Shaoxuan Li, Zhixuan Zhao, Hanze Deng, Zirun Ma, Shulin Tian, Zuyan Liu, Yushi Hu, Haoning Wu, Yuhao Dong, Benlin Liu, Ziwei Liu, Ranjay Krishna

2026-04-02

PerceptionComp: A Video Benchmark for Complex Perception-Centric Reasoning

Summary

This paper introduces a new challenge called PerceptionComp, which is a set of complex questions about videos designed to test how well computers can 'understand' what they're seeing over a long period of time.

What's the problem?

Current computer systems struggle with videos that require them to piece together information from different moments and understand relationships between objects, actions, and locations.
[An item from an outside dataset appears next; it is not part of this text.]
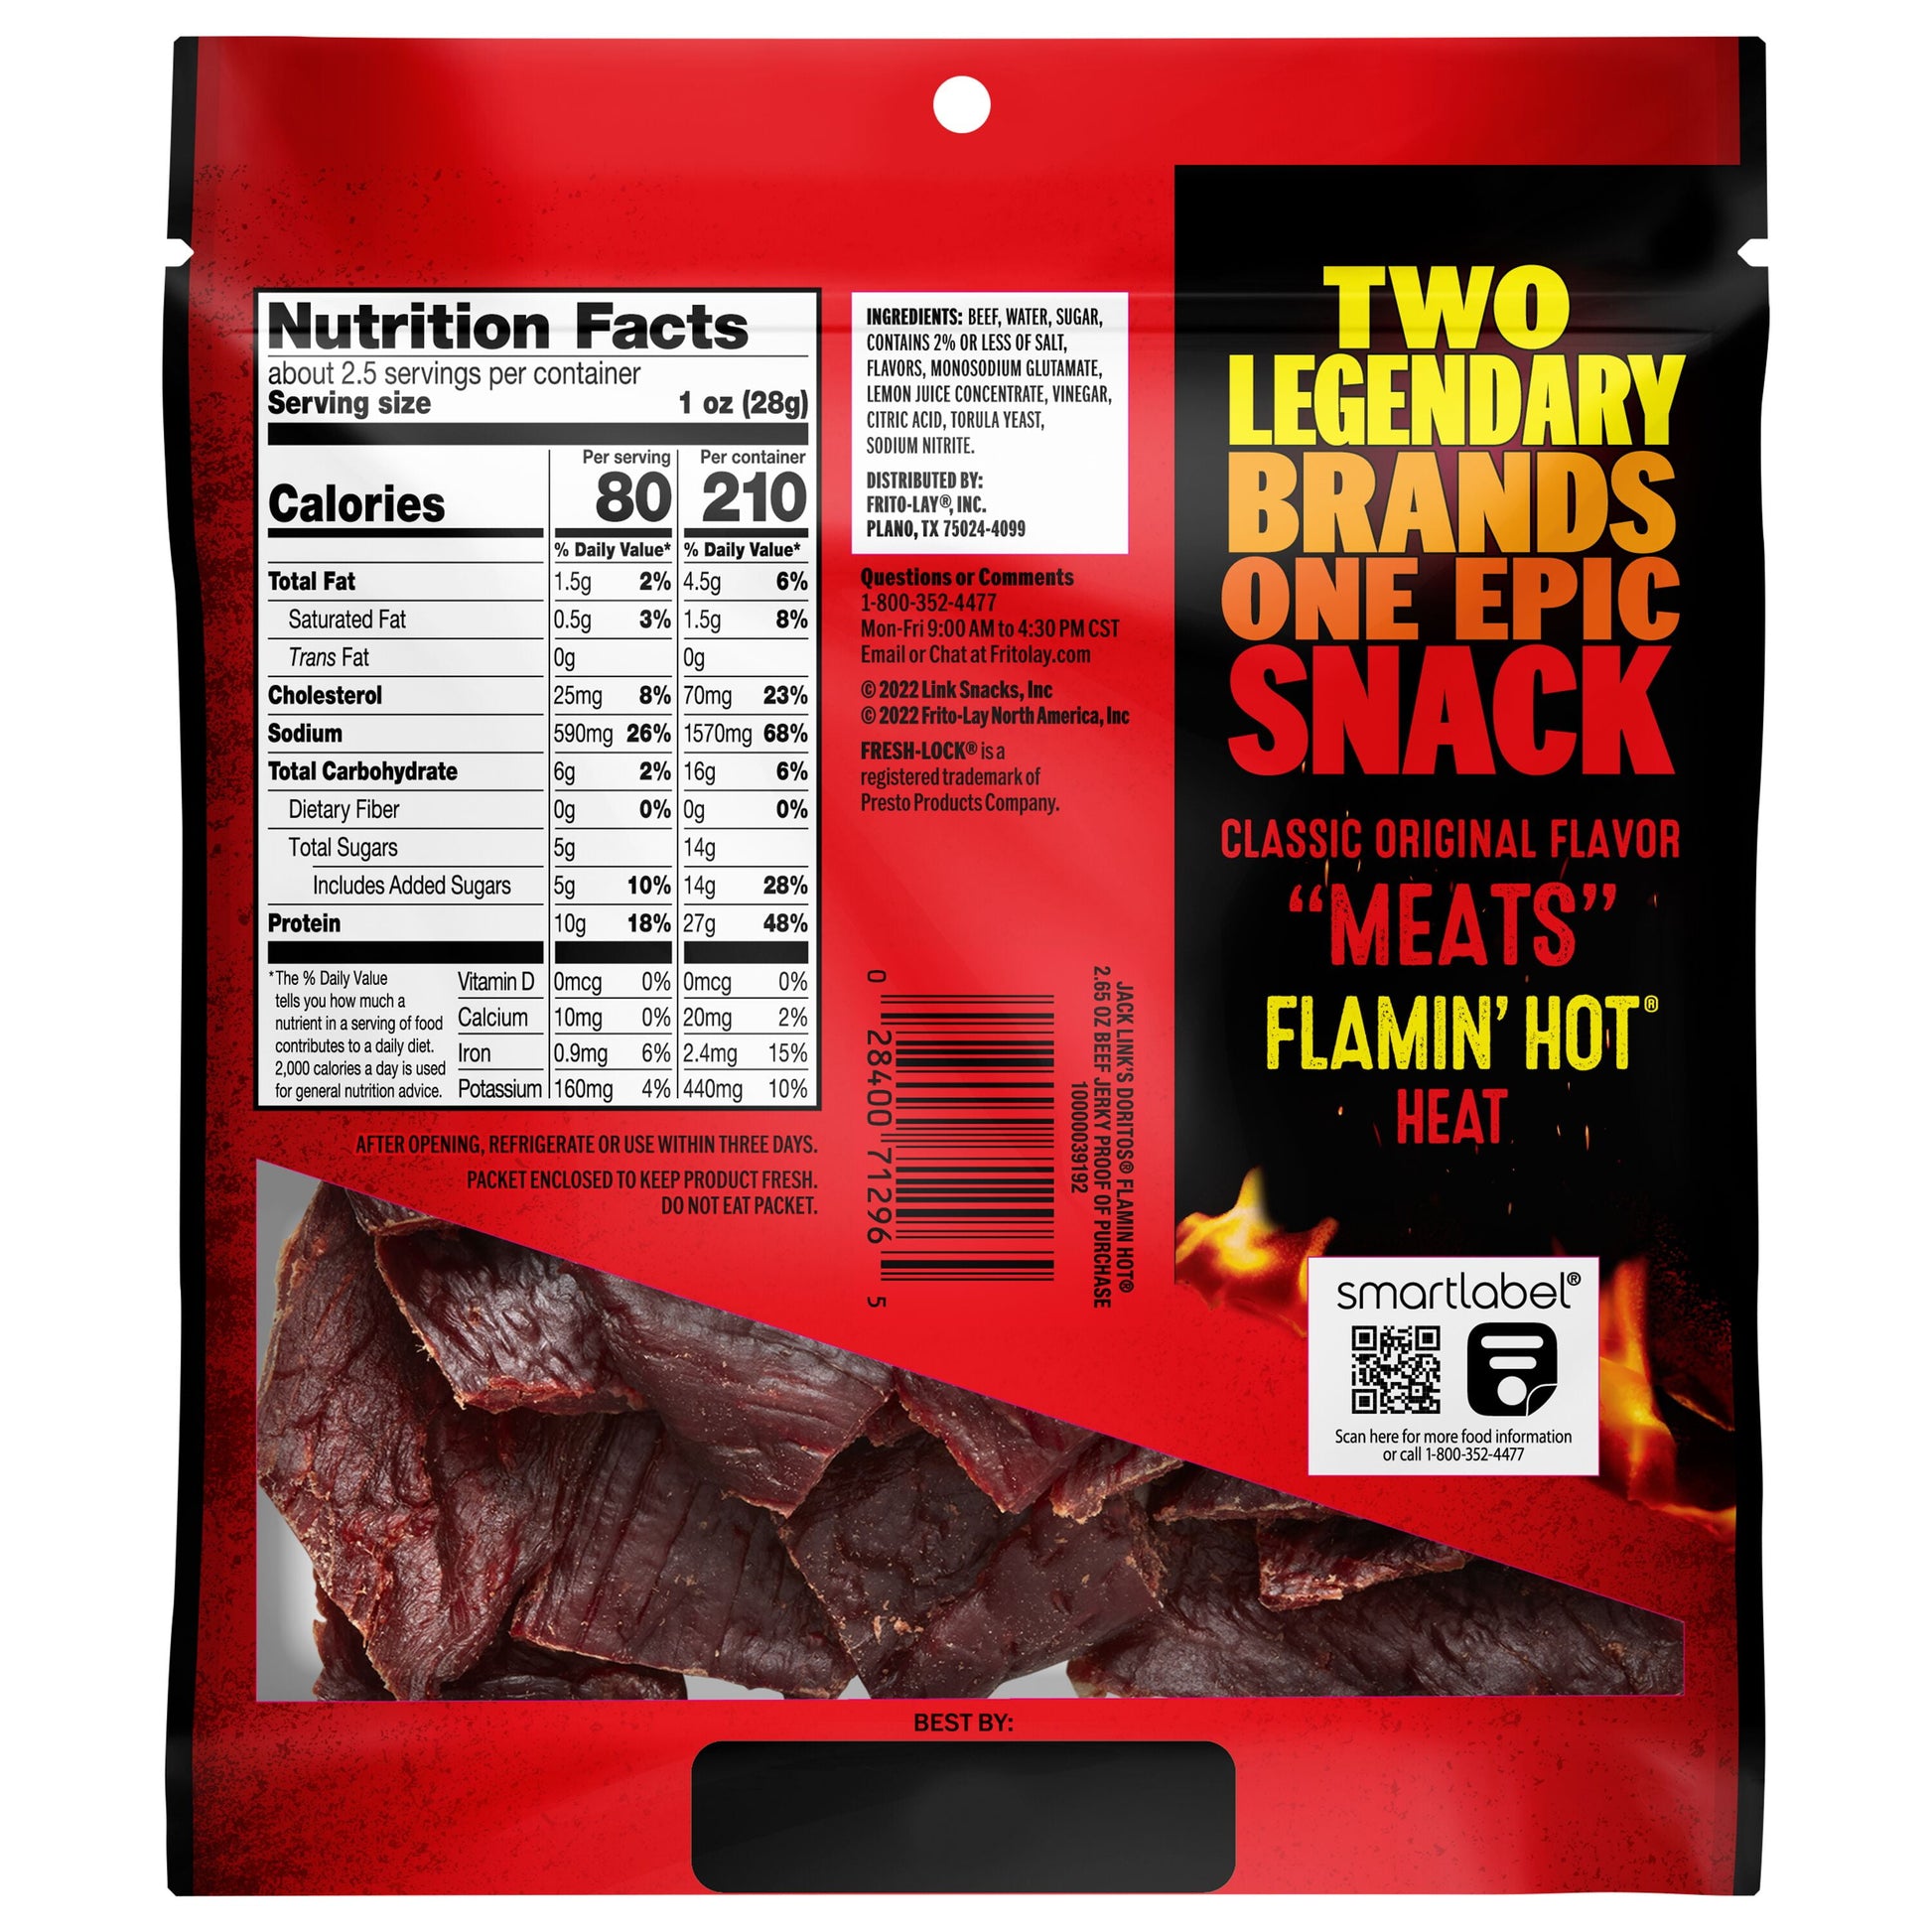 Jack Link’S® Flamin’ Hot® Flavored Original Beef Jerky & Dried Meats, 2.65 Oz Bag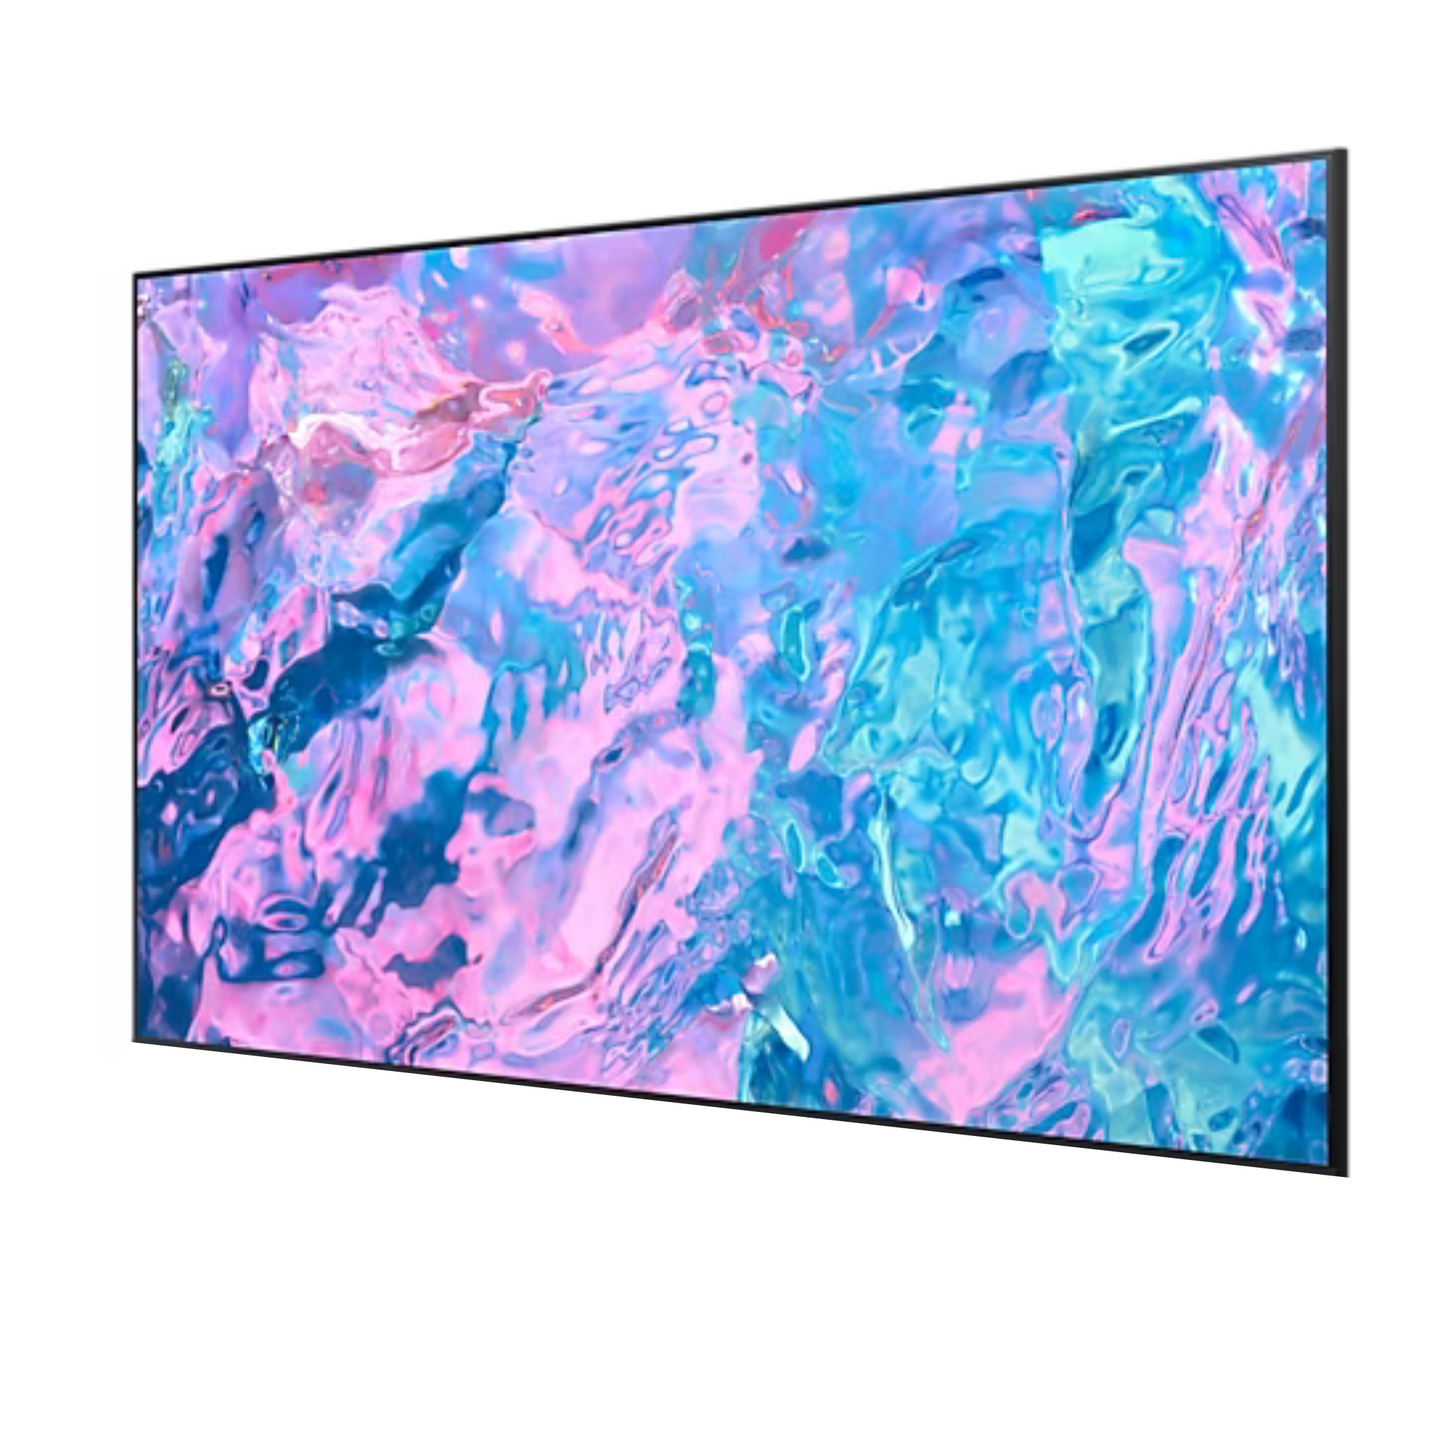 Samsung 75 inch Smart TV - 4K, 75RU7000

Existing benchmarks don't really push these systems to do the kind of detailed, step-by-step visual reasoning that humans do naturally when watching a video. Basically, it's hard for computers to watch a video and answer questions that aren't obvious from just one single frame.

What's the solution?

The researchers created PerceptionComp, a collection of over a thousand challenging questions based on nearly 300 videos covering a variety of real-world scenarios. These questions aren't simple; they require the system to connect information from multiple points in the video and use logic to figure out the answer. They also tested how well humans and existing AI models performed on these questions.

Why it matters?

This work highlights that 'perception-centric' reasoning – truly understanding what's happening in a video – is still a major hurdle for AI. The new benchmark, PerceptionComp, provides a more difficult and realistic test for AI systems, and hopefully will encourage researchers to develop better AI that can truly 'see' and understand the world like humans do.

Abstract

We introduce PerceptionComp, a manually annotated benchmark for complex, long-horizon, perception-centric video reasoning. PerceptionComp is designed so that no single moment is sufficient: answering each question requires multiple temporally separated pieces of visual evidence and compositional constraints under conjunctive and sequential logic, spanning perceptual subtasks such as objects, attributes, relations, locations, actions, and events, and requiring skills including semantic recognition, visual correspondence, temporal reasoning, and spatial reasoning. The benchmark contains 1,114 highly complex questions on 279 videos from diverse domains including city walk tours, indoor villa tours, video games, and extreme outdoor sports, with 100% manual annotation. Human studies show that PerceptionComp requires substantial test-time thinking and repeated perception steps: participants take much longer than on prior benchmarks, and accuracy drops to near chance (18.97%) when rewatching is disallowed. State-of-the-art MLLMs also perform substantially worse on PerceptionComp than on existing benchmarks: the best model in our evaluation, Gemini-3-Flash, reaches only 45.96% accuracy in the five-choice setting, while open-source models remain below 40%. These results suggest that perception-centric long-horizon video reasoning remains a major bottleneck, and we hope PerceptionComp will help drive progress in perceptual reasoning.